13 European Banks Don’t Have Enough Money To Survive A Financial Crisis

Euro burning ecb
In this Nov. 3, 2011 file photo, activists of the Occupy Frankfurt movement have set up a fire near the Euro sculpture in front of the European Central Bank in Frankfurt, Germany.

The European Central Bank said on Sunday that 25 eurozone banks showed a capital shortfall, after a year-long review of finances for 130 of the largest banks in the euro area.

The assessment goes through Dec. 31, 2013. Since then, 12 of the 25 banks have already covered their capital shortfall, which totals €25 billion, the ECB said. That means 13 banks still do not have enough money to whether a financial crisis.

The banks with existing shortfalls, which have not been named, now have two weeks to submit plans to the ECB detailing how the firms plan to raise capital. The banks will have nine months to cover the shortfall, the ECB said.

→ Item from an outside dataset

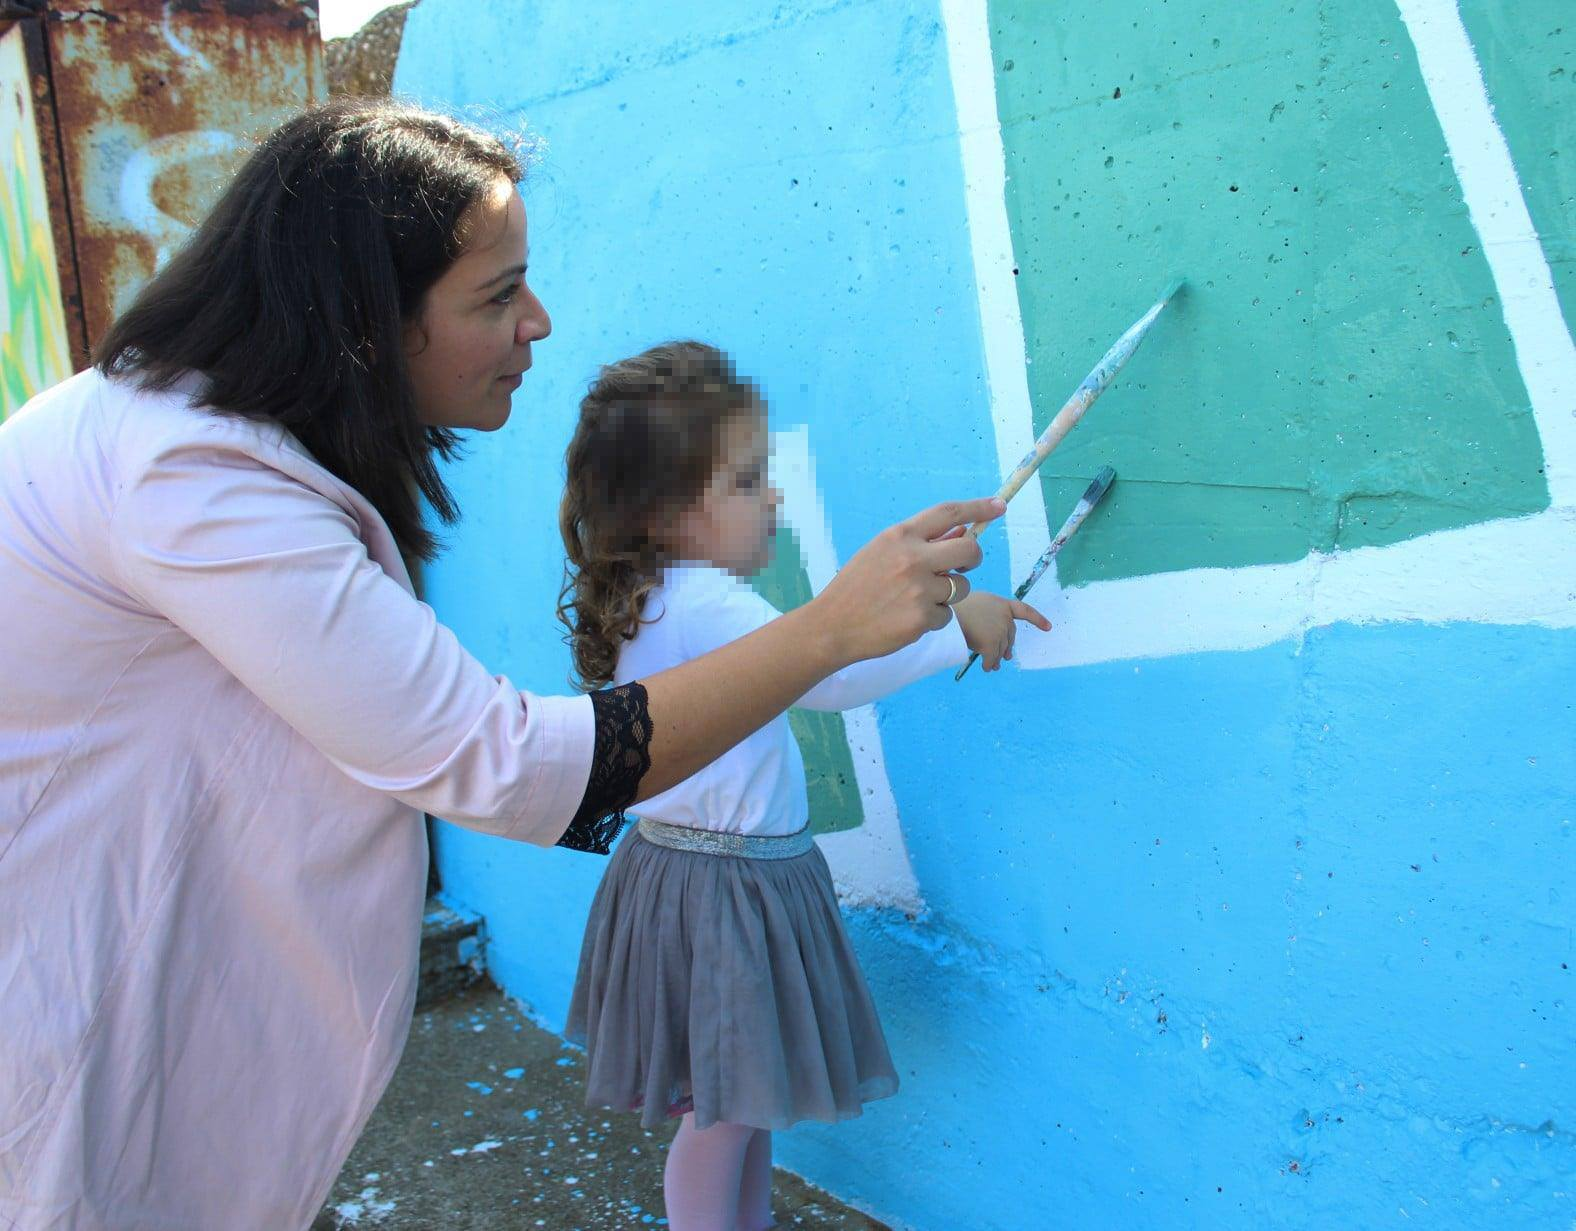 Δήμος Ήλιδας: Η τοιχογραφία του Παλουκίου στο χάρτη με τις κορυφαίες ελληνικές τοιχογραφίες- Παγκόσμια ημέρα street art και ειδικό αφιέρωμα για δημιουργίες σε όλη την Ελλάδα (photos)

Out of the 25 banks, Cyprus, Greece, Portugal, and Italy have the proportionally highest shortfall, the report said. You can see Italy leads the pack in the pie graphs below.

ECB Stress Tests

In a statement, the ECB said, “By identifying problems and risks, [the review] will help repair balance sheets and make the banks more resilient and robust. This should facilitate more lending in Europe, which will help economic growth.”